Division of Research, Kaiser Permanente, Oakland, California, USA.
Diabetes Care. 2010 Apr;33(4):733-5. doi: 10.2337/dc09-1184. Epub 2010 Jan 19.
Reasons for failing to initiate prescribed insulin (primary nonadherence) are poorly understood. We investigated barriers to insulin initiation following a new prescription.
We surveyed insulin-naïve patients with poorly controlled type 2 diabetes, already treated with two or more oral agents who were recently prescribed insulin. We compared responses for respondents prescribed, but never initiating, insulin (n = 69) with those dispensed insulin (n = 100).

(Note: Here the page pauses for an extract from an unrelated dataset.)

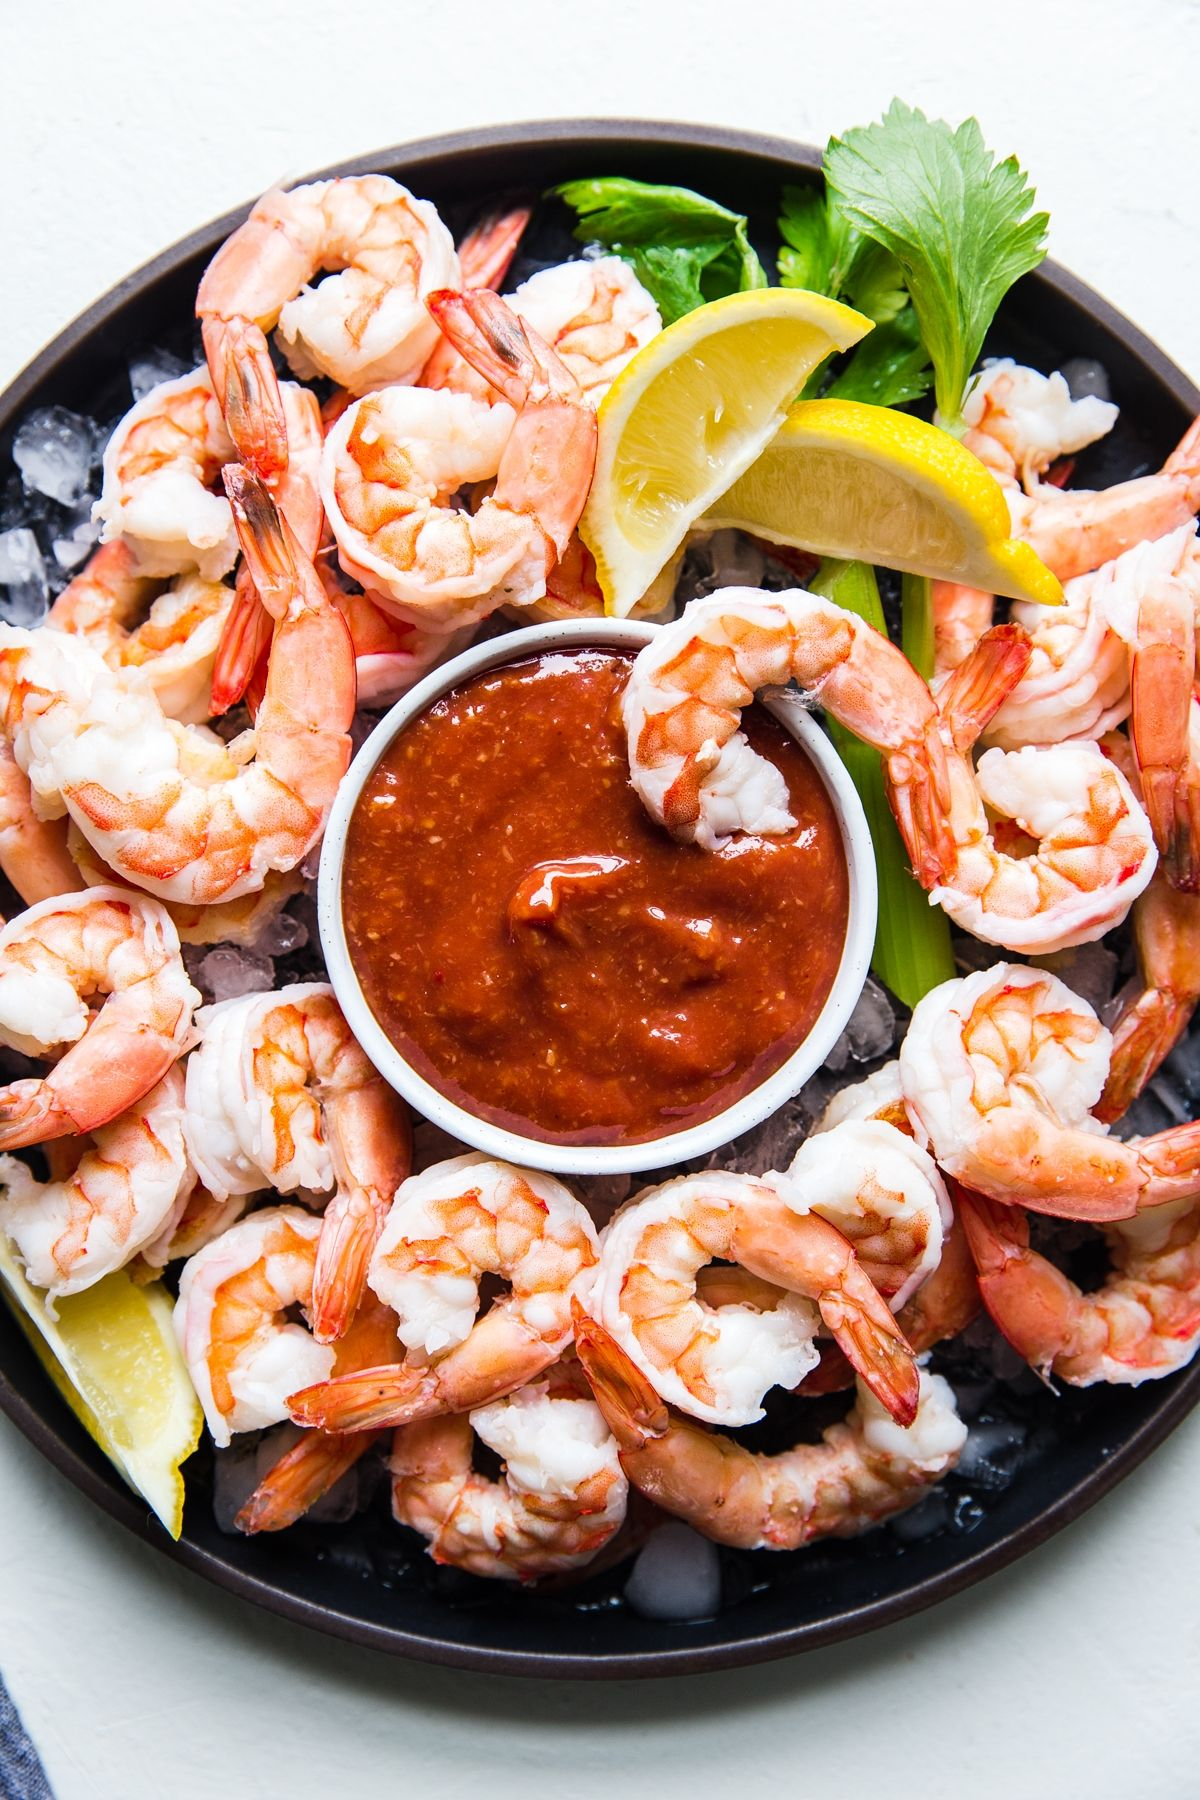 Shrimp Cocktail The Modern Proper Recipe In 2020 Recipes Shrimp Cocktail Crockpot Recipes Easy

Subjects failing to initiate prescribed insulin commonly reported misconceptions regarding insulin risk (35% believed that insulin causes blindness, renal failure, amputations, heart attacks, strokes, or early death), plans to instead work harder on behavioral goals, sense of personal failure, low self-efficacy, injection phobia, hypoglycemia concerns, negative impact on social life and job, inadequate health literacy, health care provider inadequately explaining risks/benefits, and limited insulin self-management training.

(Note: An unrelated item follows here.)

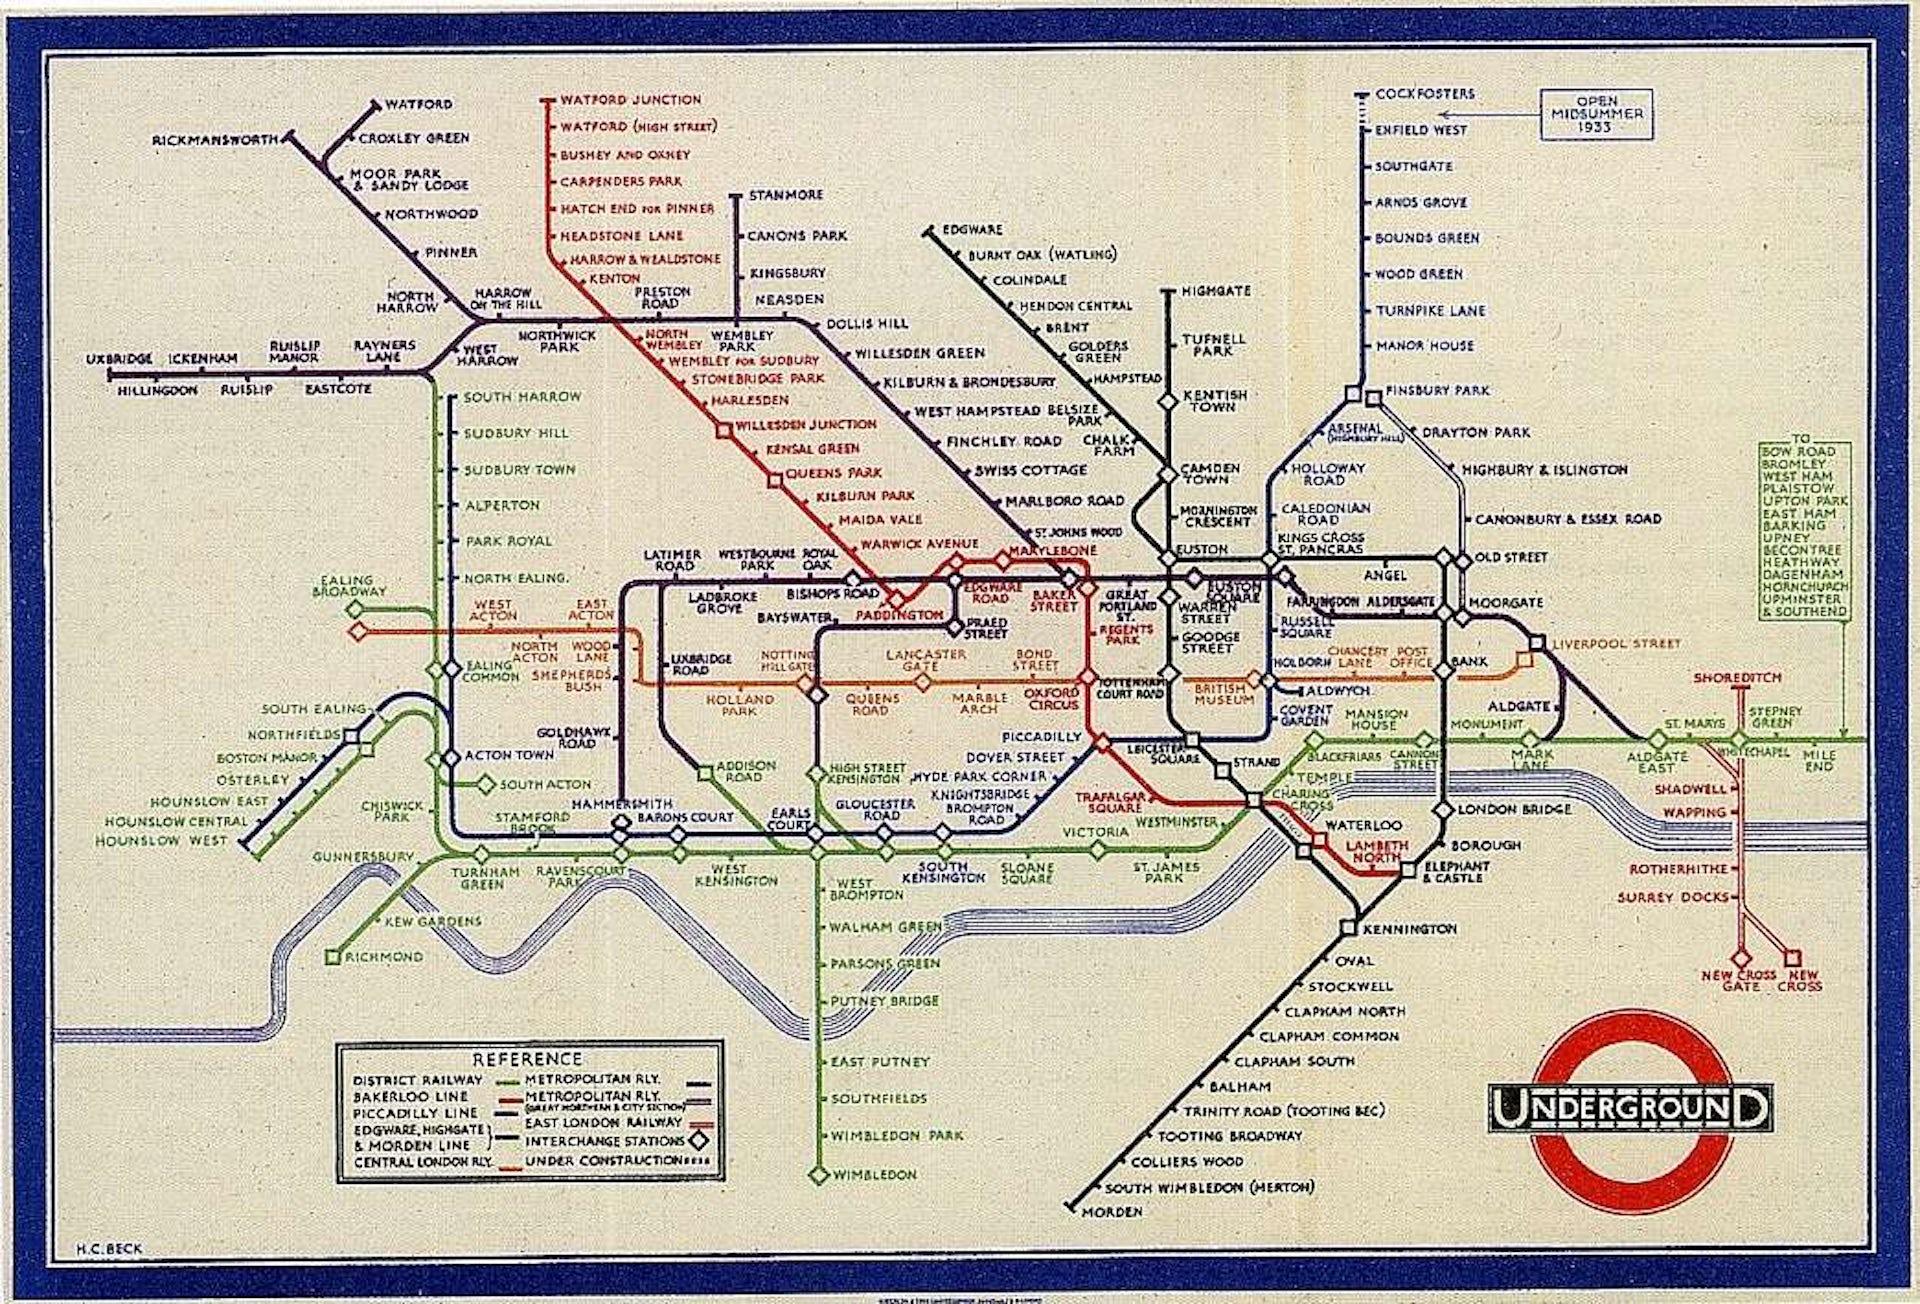 Sublime Design The London Underground Map

Primary adherence for insulin may be improved through better provider communication regarding risks, shared decision making, and insulin self-management training.
未能开始使用处方胰岛素(主要不依从)的原因尚不清楚。我们调查了新处方后开始使用胰岛素的障碍。
我们调查了最近被开处胰岛素但尚未开始使用的、伴有 2 种或以上口服药物但血糖控制仍不佳的 2 型糖尿病初治患者。我们将未开始使用胰岛素的患者(n = 69)与已开始使用胰岛素的患者(n = 100)的反应进行了比较。
未开始使用处方胰岛素的患者普遍存在对胰岛素风险的误解(35%的患者认为胰岛素会导致失明、肾衰竭、截肢、心脏病发作、中风或早亡)、计划更努力地实现行为目标、感到个人失败、自我效能感低、注射恐惧、对低血糖的担忧、对社会生活和工作的负面影响、健康素养不足、医护人员未能充分解释风险/获益,以及胰岛素自我管理培训有限。
通过更好地沟通风险、共同决策和胰岛素自我管理培训,可能会提高胰岛素的主要依从性。